Or normal frame rate HD raw video.


----------



## m8547 (Aug 20, 2015)

msatter said:


> If the SD card is internally connected to the USB port like in the 5DMKIII then speed around 70MB/s is the maximum.



This doesn't sound right. For one, USB 2.0 is limited to about 35MB/sec because of overhead, and USB 3.0 is much faster than 70MB/sec. And why would they add the extra complexity of a USB layer when they could just write to the card directly?

Someone asked why Canon didn't add UHS-II? Probably because it's still extremely new, and Canon is a conservative and slow moving company. There could also be internal limitations on how fast they can move processed images around. (readout from the CCD is of course very fast by design).


----------



## msatter (Aug 23, 2015)

Why would Canon add the extra complexity of a USB.....they did and we still calling crippling the camera. I don't know what Canon did with this camera.


----------



## LSXPhotog (Sep 8, 2015)

JorritJ said:


> In case anyone is interested, I did some speed tests of my own a few weeks ago:
> 
> "Write speeds: 5DSR / 5D3 / 7D2, SD / CF / 2x, Lexar 1000x"
> http://www.dpreview.com/forums/post/56185044
> ...



I'm sorry, but my real world experience does not mirror your results. My Lexar 1066X cards offer a very noticeable advantage over the 800X cards in my Canon 7D Mk II.


----------



## Mt Spokane Photography (Sep 8, 2015)

m8547 said:


> Someone asked why Canon didn't add UHS-II? Probably because it's still extremely new, and Canon is a conservative and slow moving company. There could also be internal limitations on how fast they can move processed images around. (readout from the CCD is of course very fast by design).

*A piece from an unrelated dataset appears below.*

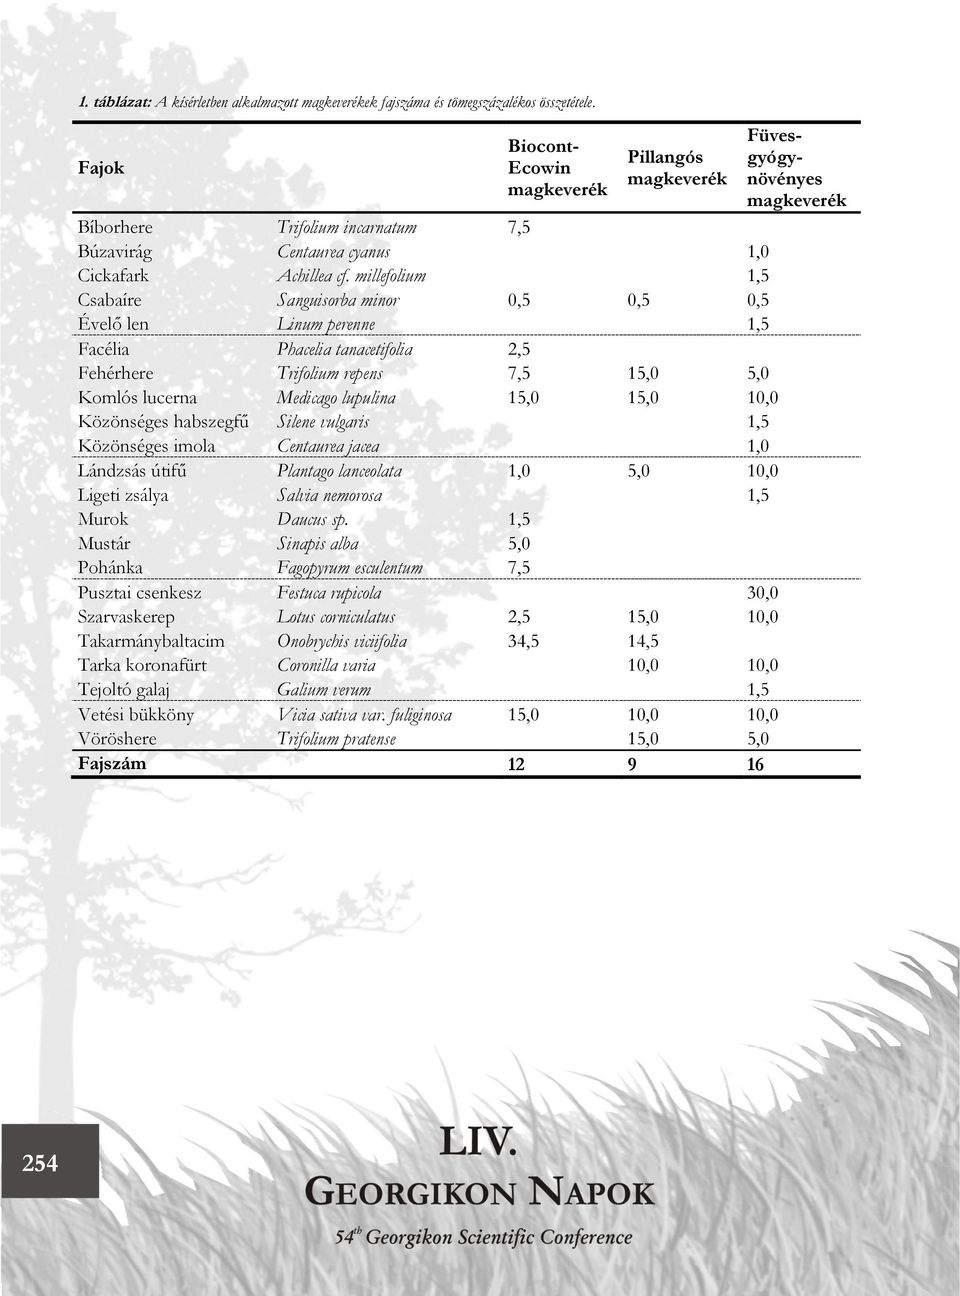 millefolium 1,5 Csabaíre Sanguisorba minor 0,5 0,5 0,5 Évelő len Linum perenne 1,5 Facélia Phacelia tanacetifolia 2,5 Fehérhere Trifolium repens 7,5 15,0 5,0 Komlós lucerna Medicago lupulina 15,0

I think its pretty simple. The Camera hardware specifications are set 1-2 years in advance of delivery so that orders for long lead time components can be ordered, circuit board designs completed, and a ton of breadboard testing. Then at least 4 months before delivery and likely longer, the assembly begins. It will ramp up from maybe 10,000 the first month to 35,000 the 3rd month. There are likely 150,000 - 250,000 needed to supply the first 3 months of sales. Once the pipeline is full, sales and production taper off. 

That's why a new technology often does not make it in the door. Canon could, of course throw away a few million dollars worth of components and design work to slip in new tech, but then other new tech would be missed.

Sandisk came out with their super fast UHS II in 2014, and Lexar in 2015. http://www.thessdreview.com/our-reviews/lexar-professional-2000x-sdxc-uhs-ii-card-review-64gb/

The 7D II was likely already in production before Sandisk released their UHS-II card. It could have been re-tooled and delayed a few months, but even then, UHS II cards were not generally available.

Nikon jumped the gun by incorporating a XQD card in the D4. Its still the only DSLR to use them (D4 / D4s). I expect that Canon learned from Nikon's error.


----------